Human respiratory syncytial virus (RSV) is inhibited by Lf at concentrations ten times lower than those found in human milk. Lf also acts against non-enveloped viruses such as adenoviruses and enteroviruses [90]. Several mechanisms of action have been proposed for the antiviral activity of Lf. One of the most widely accepted hypotheses is that Lf binds to and blocks glycosaminoglycan viral receptors, especially heparan sulfate (HS). The binding of Lf and HS prevents the first contact between virus and host cell, thus preventing infection [6]. The antiviral effect of Lf has also been observed in viruses that infect animals, such as the Friend virus complex, which causes erythroleukemia in rodents [92], the feline calcivirus [93], and the feline immunodeficiency virus [16]. It appears that Lf exhibits its antiviral activity at an early phase of the infection process [16], [75], [78], [83], [84], [91], [94], [95], [96], [97]. Several viral pathogens have been shown to use the host cell surface as herpes simplex virus, as an attachment receptor during the infection process [98], [99]. Results, also suggest that the GRRRRS sequence at the amino terminus of human lactoferrin acts synergistically with an RKVR sequence at positions 28–31 to form the predominate functional GAG-binding site of human lactoferrin [100].

Antifungal activity

Candida can colonize mucosal surfaces in individuals, and it is considered to be analogous to a commensal organism that can also become an opportunistic pathogen. Kirkpatrick et al. conducted the first studies with Candida spp. in 1971 and attributed the antifungal effect of Lf to its ability to sequester Fe+ 3 [101], [102]. Both hLf and bLf, as well as the bLf-derived peptide lactoferricin, have well-documented in vitro activity toward human pathogenic fungi, especially Candida albicans and several other Candida species. Lf also has antifungal activity [103], [104], and it was observed that Lf could kill both C. albicans and C. krusei by altering the permeability of the cell surface, as it does in bacteria [105], [106].
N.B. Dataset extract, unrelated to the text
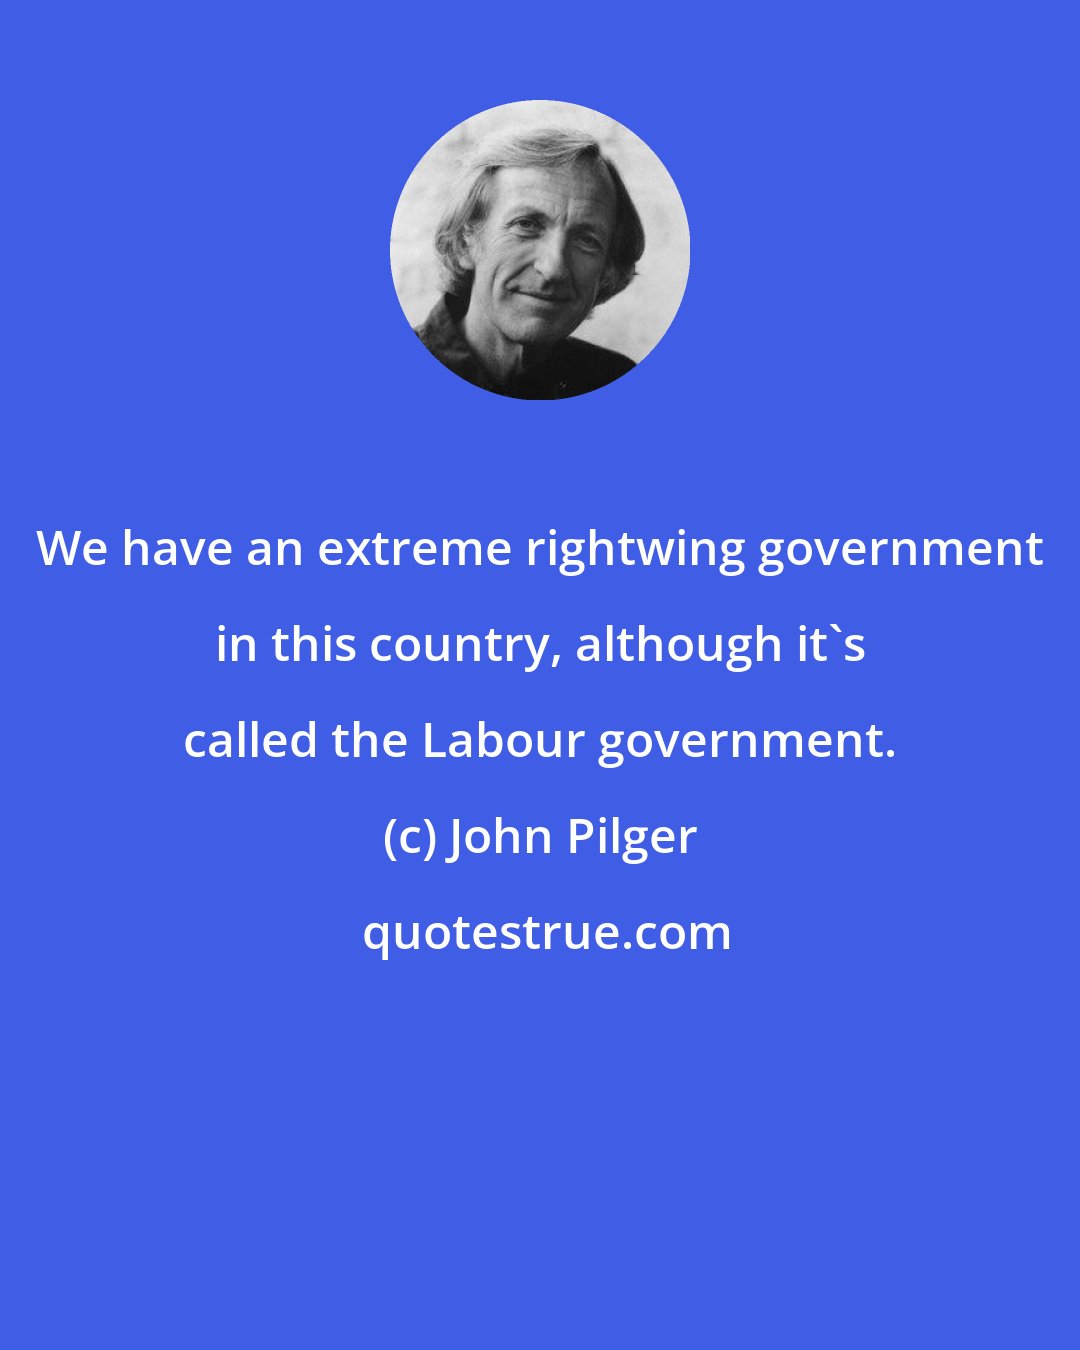 John Pilger: We have an extreme rightwing government in this country, although it's called the Labour government.

Bovine Lf has been shown to be highly fungicidal for C. tropicalis and C. krusei and somewhat fungicidal for C. albicans and C. guilliermondii, while C. glabrata is almost resistant to Lf [107]. Lf exhibited activity against Cryptococcus neoformans and C. albicans via cytoplasmic and mitochondrial membrane permeabilization [108]. Although Lf's antifungal mechanism of action is through cell surface interaction rather than iron deprivation [109], several reports demonstrated its ability to cause cell wall damage [107], [110], [111]. In addition to direct interaction with the pathogen, Fe+ 3 sequestration is another important mechanism for fungicidal activity. In 2007, Zarember et al. showed that Fe+ 3 sequestration by neutrophil apo-Lf is important for host defense against Aspergillus fumigatus [112]. Additionally, the in vitro antifungal activity of two peptides (hLF(1–11 aa), bLf N1-domain)) derived from human lactoferrin (hLF) were compared, and dose-dependent antifungal activity was observed [113], [114]. Lf shows an interesting antifungal effect on body tineas caused by Trichophyton mentagrophytes, against which it acts indirectly, facilitating clinical improvement of skin lesions after the peak of the symptoms. Treatment of guinea pigs with bLf reduces fungal infection on the skin of the back and limbs in tinea corpus and tinea pedis, respectively [115]. It has also been demonstrated that Lf can mediate its antifungal activity through the stimulation of host cell immune mechanisms both in vitro and in vivo [102].

Antiparasitic activity

A clear understanding of the antimicrobial activities of Lf has been difficult to achieve because the mechanisms of action of Lf and the ecological niches of microbes often differ from one organism to another. The molecular mechanisms of Lf antiparasitic activity are even more complex.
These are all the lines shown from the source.